Of course, I would have correctly predicted the ruling.
Not really.
Seems that I was giving the Justices more credit for neutral decisionmaking than they deserve--and I don't think they deserve much to begin with.
Bottom line: the 4 liberal Justices voted against the Confederate flag; 4 of the 5 conservatives voted for it; Justice Thomas (the Court's sole African-American) voted with the liberals on this one.
Let's get to the case itself and the specific legal ruling:
Texas allows specialty (so-called "vanity") license plates as selected and even designed by motorists.
The Sons of Confederate Veterans (Confederate Sons), an organization honoring soldiers who fought for the South, wanted a specialty license plate with a design depicting the Confederate flag and identifying the organization.
Texas, through a board of its motor vehicles department, rejected the request.
The basis for the rejection was the board's standard that "it might be offensive to any member of the public."
The Confederate Sons claimed that the rejection was a violation of free speech.
The federal appeals court (i.e., the 5th Circuit) agreed with the Confederate Sons.
But the U.S. Supreme Court reversed and, instead, sided with Texas.
It did so by a 5-4 vote. (Walker v. Sons of Confederate Veterans, decided 6/18/2015.)
As already noted, all 4 liberal Democratic Justices (Ginsbug, Breyer, Sotomayor, and Kagan) supported the state's rejection of the Confederate flag design.Their 5th vote, making them the majority, came from the Court's only African-American, Justice Thomas. In the past, he has understandably made clear his strong hostility to symbols associated with racism.
The other 4 conservative Republican Justices all supported the Confederate Sons' claimed free speech right.
Hmmm.
Liberals all against the Confederate Sons; conservatives (except Thomas) for them.
Just another one of those coincidences.
Another one of many similar ones with this Court.
My own expectation was that the decision would be the opposite. And that the vote would be 6-3 or 7-2 in favor of free expression rights for the Confederate Sons. Or stated differently, against the state's right to engage in viewpoint discrimination.
I underestimated the ideological tug this case would exert on the Justices.
Not the tug for or against free expression rights.
But sympathy versus hostility for the Confederate flag and, maybe, for the Confederate Sons who wanted to display it.
Or perhaps it is entirely coincidental that the 4 liberal Justices weighed all the legal considerations--pro and con free speech--and just happened to reach a decision against the display of a Confederate flag design.
And entirely coincidental that 4 conservative Justices--only Thomas missing--would weigh the very same free speech considerations and just happen to reach a pro-Confederate flag decision.
Let's be real. What are the odds that these results are purely coincidental? That views and feelings about the Confederate flag, or about those who wanted to display it, played no part in the votes?

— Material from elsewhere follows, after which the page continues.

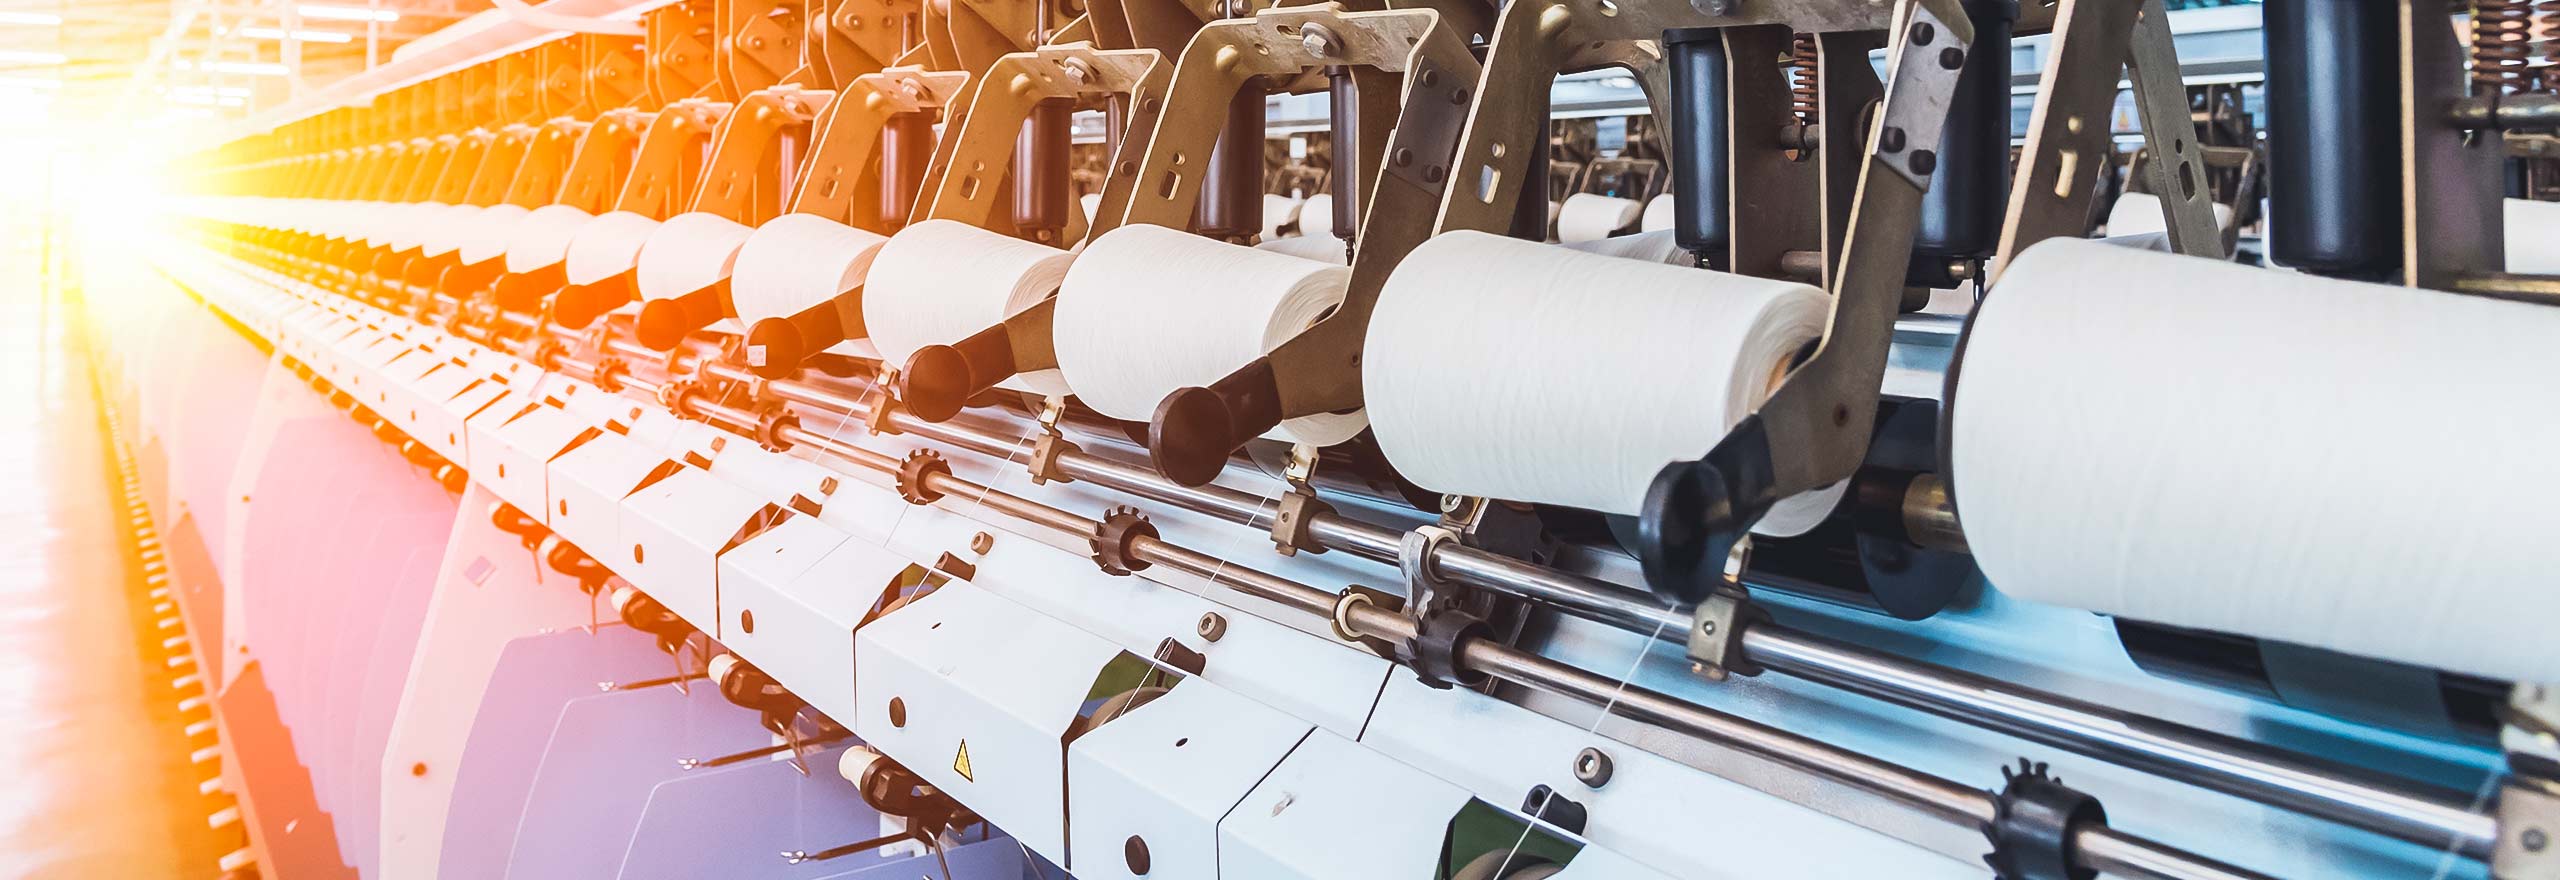 Herstellung von Papierhandtüchern in einer Produktionsanlage

Now what about the actual legal/constitutional issue in this case, and the competing legal/constitutional arguments?
The question the case formally presented to the Court was whether the personally selected expressions on the specialty or "vanity" license plates are "government speech" (i.e., Texas speaking), or that of the motorists who selected or designed the special expressions for their plates.
If the specialty expressions are those of the state, then the state can pick and choose what it would like to say. A state could freely choose not to display a Confederate flag on its license plates--just as the Texas motor vehicles department chose not to do.

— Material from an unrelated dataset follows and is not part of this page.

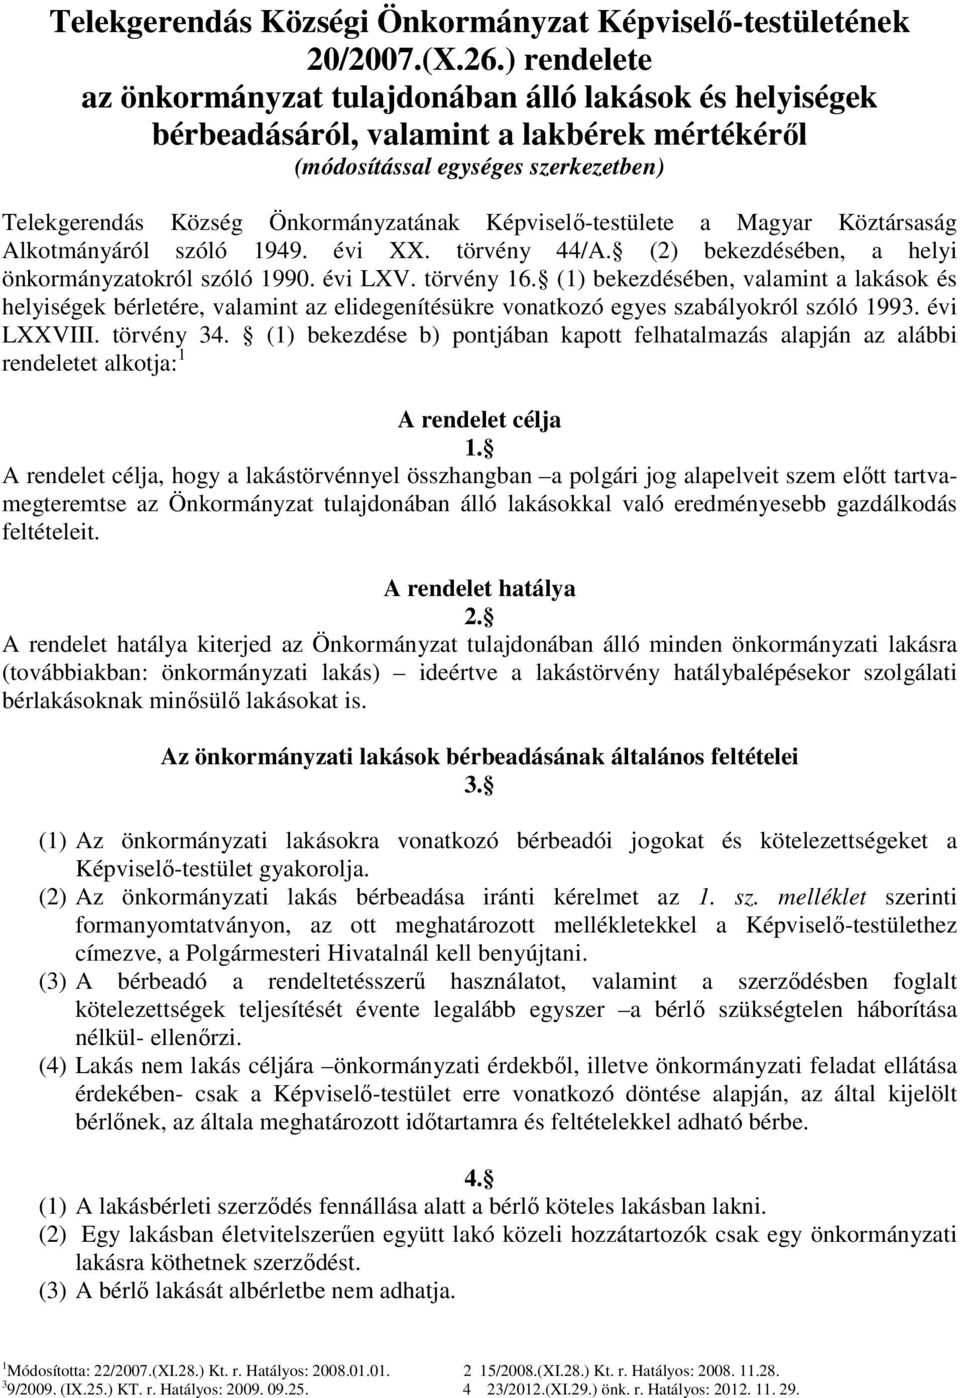 Képviselő-testülete a Magyar Köztársaság Alkotmányáról szóló 1949. évi XX. törvény 44/A. (2) bekezdésében, a helyi önkormányzatokról szóló 1990. évi LXV. törvény 16.

But if the specialty expressions are those of the motorists who selected or designed them, then their free speech rights are triggered. The motorists would be free to express their viewpoints--unless they involved obscenity, violence-incitement, or other unprotected speech.
So, are the personally selected expressions on the Texas specialty or "vanity" plates Texas speaking or the motorist speaking? That was the legal issue on which the Justices split.
The precedents, as one might expect, can support either position:
Pleasant Grove City v. Summun (2009)--the city, which accepted privately donated monuments for its park, had the right to reject a monument to the "Seven Aphorisms of the Summun Church." Held to be "government speech," 9-0 decision.
Rust v. Sullivan (1991)--the federal government, which provides medicaid for indigent health services, has the right to prohibit health care professionals providing such subsidized care from advising about abortion services. Held to be "government speech," 5-4.
Rosenberger v. University of Virginia (1995)--the state university, which funds student activities, could not refuse to fund an Evangelical Christian student group's religious magazine. Held to involve the student group's protected free speech, 5-4.
Wooley v. Maynard (1977)--the state, New Hampshire, could not stop Jehovah Witnesses from covering the state motto, "Live Free or Die," on the license plates on their cars. Held to involve the objectors' protected free speech, 6-3.
As noted in the dissenting opinion authored by Justice Alito, Texas had already allowed over 350 different logos and designs on specialty or "vanity" plates. They ranged from the names and logos of schools, colleges, universities, and countless organizations and sports teams (including out-of-state competitors of Texas teams), to favorite recreational activities, soft drinks, and foods.
Alito posed the question: Would anyone "really think that the sentiments reflected on these specialty or "vanity" plates are the views of the State of Texas and not those of the owners of the cars?"
I'm with Alito on this question at least, and I would have voted with him and Roberts, Scalia, and Kennedy on that particular point.
It seems a wholly unrealistic stretch to label the logos and designs, which are personally selected, by private motorists', and appear on the license plates on their own cars, to be the state speaking--"government speech."
Consider this.
There is currently another case in which North Carolina has allowed "Choose Life" on the specialty or "vanity" plates. But the state will not allow "Respect Choice." In short, it has allowed its motorists to display an anti-abortion viewpoint, but not a pro-choice one.
The federal appeals court (i.e., the 4th Circuit) unanimously disagreed with the state. It disagreed that this was a case involving "government speech." Instead, the court ruled that the state had violated the motorists' free speech rights by engaging in "blatant viewpoint discrimination." (ACLU v. Tata [2014].)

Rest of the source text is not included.